> _Work instruction_:
Among the entries below, find the lines with the word "Images" and return them.

** Opening Dataset content block **

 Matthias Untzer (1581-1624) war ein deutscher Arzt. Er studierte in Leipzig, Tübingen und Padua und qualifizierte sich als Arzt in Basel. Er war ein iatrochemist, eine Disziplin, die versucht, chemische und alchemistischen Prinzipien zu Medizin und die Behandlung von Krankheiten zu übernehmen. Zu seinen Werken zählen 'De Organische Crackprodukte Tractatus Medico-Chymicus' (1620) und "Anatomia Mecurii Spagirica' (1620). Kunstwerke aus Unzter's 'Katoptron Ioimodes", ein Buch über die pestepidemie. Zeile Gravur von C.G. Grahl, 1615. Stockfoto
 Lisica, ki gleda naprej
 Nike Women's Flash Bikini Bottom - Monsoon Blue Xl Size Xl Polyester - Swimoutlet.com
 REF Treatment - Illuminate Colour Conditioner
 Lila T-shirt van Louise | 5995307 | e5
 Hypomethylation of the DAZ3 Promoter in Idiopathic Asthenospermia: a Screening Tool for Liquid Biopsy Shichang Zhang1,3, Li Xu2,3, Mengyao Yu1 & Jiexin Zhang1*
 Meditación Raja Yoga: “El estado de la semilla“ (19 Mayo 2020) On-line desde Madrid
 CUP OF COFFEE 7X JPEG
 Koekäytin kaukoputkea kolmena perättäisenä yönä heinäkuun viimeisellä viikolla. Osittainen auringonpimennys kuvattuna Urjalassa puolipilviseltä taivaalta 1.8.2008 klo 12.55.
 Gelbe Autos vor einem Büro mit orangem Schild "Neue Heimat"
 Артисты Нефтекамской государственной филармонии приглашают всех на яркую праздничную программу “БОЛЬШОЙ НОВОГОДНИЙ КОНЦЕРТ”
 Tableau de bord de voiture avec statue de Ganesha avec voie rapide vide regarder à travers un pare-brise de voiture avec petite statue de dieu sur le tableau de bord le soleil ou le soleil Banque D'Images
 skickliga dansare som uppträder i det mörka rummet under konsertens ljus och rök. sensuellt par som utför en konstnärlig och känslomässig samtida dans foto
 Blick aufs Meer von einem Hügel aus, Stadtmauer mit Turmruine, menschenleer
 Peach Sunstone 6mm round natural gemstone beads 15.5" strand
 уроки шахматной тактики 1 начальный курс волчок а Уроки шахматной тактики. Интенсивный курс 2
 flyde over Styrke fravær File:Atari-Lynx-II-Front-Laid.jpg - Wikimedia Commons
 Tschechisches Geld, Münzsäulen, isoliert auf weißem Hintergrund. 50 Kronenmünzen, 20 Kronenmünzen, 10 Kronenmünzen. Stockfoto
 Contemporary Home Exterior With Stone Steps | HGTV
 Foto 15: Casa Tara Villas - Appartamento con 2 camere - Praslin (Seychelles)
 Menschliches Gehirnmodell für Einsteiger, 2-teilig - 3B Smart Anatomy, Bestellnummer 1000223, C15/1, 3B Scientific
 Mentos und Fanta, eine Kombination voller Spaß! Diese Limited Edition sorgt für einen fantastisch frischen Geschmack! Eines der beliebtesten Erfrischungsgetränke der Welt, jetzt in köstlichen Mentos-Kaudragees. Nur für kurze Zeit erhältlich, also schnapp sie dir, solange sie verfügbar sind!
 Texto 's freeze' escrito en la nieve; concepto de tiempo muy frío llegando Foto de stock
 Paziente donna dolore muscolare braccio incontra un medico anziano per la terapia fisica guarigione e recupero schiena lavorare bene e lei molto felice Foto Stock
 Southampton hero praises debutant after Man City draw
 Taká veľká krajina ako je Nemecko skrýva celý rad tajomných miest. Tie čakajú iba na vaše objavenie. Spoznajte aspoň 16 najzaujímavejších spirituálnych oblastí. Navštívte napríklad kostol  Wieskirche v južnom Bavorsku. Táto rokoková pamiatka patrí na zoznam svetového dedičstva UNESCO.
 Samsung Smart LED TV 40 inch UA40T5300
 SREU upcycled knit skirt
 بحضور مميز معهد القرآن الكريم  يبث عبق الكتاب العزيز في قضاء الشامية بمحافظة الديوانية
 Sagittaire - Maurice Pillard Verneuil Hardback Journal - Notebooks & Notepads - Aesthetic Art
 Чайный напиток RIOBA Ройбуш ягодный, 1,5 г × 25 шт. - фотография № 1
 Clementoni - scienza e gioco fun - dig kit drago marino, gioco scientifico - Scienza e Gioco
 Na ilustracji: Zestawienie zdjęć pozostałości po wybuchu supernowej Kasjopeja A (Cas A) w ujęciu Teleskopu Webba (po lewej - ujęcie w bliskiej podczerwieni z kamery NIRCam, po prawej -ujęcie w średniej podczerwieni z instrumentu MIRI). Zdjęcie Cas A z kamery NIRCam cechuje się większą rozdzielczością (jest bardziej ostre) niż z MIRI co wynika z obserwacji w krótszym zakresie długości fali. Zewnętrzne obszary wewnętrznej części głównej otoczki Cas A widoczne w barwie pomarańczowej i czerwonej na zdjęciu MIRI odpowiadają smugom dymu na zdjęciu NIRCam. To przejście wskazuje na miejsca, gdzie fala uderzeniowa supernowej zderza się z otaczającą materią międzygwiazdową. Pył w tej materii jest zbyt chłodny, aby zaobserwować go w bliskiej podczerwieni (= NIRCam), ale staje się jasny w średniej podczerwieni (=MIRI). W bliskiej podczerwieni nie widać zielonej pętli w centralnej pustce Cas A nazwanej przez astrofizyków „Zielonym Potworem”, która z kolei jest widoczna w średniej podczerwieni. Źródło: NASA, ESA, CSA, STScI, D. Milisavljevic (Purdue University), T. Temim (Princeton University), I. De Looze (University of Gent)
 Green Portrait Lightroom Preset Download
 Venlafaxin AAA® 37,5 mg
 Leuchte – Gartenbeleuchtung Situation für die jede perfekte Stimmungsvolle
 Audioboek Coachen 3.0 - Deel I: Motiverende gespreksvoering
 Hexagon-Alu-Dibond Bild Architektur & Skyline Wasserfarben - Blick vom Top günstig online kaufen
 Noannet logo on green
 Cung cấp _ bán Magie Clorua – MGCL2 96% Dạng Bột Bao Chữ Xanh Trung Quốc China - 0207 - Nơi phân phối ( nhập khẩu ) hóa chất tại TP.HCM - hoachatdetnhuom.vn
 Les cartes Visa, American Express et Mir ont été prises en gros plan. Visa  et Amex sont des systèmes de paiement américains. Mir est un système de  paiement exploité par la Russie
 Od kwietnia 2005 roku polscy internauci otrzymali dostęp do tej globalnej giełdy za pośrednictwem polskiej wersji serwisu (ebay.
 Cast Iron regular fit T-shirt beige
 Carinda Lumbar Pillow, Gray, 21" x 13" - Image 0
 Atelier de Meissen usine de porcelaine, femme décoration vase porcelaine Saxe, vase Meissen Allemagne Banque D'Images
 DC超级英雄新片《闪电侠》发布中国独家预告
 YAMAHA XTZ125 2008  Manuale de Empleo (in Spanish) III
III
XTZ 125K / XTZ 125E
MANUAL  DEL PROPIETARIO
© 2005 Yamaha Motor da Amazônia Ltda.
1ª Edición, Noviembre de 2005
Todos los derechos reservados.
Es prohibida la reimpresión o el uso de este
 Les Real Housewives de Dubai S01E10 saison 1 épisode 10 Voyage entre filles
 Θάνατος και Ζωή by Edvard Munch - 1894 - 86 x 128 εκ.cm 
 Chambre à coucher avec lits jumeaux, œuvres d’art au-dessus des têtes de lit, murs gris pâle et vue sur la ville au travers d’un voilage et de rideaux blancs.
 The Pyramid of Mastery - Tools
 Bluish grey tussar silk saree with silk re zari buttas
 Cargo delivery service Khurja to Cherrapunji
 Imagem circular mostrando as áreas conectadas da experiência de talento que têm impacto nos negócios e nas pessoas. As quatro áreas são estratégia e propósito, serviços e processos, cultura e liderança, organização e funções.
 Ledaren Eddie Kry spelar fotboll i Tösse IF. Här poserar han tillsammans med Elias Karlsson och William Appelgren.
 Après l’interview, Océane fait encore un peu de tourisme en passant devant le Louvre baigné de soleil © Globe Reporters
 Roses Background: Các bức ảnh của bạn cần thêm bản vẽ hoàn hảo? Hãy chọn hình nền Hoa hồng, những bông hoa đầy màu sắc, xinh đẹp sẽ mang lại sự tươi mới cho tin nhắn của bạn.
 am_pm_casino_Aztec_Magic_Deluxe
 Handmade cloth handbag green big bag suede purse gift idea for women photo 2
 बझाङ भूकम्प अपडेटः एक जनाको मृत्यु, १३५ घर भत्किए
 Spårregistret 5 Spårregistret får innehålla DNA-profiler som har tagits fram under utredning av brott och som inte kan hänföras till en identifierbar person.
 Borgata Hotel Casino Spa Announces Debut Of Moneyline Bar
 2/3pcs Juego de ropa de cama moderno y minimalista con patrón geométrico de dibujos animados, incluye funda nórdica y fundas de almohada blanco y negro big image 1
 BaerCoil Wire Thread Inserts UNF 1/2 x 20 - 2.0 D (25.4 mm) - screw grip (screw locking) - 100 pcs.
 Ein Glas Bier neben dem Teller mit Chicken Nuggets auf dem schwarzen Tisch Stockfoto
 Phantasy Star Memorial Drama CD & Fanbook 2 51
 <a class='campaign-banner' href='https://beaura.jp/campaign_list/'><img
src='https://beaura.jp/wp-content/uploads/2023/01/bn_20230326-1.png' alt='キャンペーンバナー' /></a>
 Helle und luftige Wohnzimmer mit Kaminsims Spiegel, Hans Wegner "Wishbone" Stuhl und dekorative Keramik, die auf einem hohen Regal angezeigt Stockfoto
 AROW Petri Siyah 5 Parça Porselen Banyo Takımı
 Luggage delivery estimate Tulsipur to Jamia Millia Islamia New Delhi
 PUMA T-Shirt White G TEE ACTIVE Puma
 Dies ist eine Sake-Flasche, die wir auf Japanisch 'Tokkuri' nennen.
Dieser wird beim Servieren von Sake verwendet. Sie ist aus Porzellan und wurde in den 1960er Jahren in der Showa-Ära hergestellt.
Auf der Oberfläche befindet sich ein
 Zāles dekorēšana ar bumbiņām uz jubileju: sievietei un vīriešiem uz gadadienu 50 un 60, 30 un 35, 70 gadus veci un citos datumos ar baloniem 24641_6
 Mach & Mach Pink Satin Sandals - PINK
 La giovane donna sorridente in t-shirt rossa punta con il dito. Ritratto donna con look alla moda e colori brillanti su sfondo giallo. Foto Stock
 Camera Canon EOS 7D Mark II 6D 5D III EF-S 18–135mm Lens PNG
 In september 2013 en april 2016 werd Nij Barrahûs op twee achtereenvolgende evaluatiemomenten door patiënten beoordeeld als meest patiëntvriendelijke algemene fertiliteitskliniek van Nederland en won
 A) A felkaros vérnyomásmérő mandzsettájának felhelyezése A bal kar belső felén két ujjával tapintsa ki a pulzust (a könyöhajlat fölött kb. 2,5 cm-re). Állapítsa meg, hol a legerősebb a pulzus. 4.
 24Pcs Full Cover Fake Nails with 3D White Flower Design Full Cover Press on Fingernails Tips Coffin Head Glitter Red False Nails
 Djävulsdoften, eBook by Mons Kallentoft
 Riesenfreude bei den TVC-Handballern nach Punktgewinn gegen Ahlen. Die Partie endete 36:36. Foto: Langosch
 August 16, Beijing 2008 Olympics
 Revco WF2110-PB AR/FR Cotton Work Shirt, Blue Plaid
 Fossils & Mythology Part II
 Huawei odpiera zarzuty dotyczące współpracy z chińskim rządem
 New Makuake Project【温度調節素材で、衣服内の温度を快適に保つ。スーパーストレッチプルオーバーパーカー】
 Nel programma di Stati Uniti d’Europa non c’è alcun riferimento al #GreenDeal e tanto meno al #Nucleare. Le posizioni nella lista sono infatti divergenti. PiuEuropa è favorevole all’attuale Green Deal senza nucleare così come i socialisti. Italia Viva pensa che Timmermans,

** Closing Dataset content block **

> _Task solution_:
 Tableau de bord de voiture avec statue de Ganesha avec voie rapide vide regarder à travers un pare-brise de voiture avec petite statue de dieu sur le tableau de bord le soleil ou le soleil Banque D'Images
 Atelier de Meissen usine de porcelaine, femme décoration vase porcelaine Saxe, vase Meissen Allemagne Banque D'Images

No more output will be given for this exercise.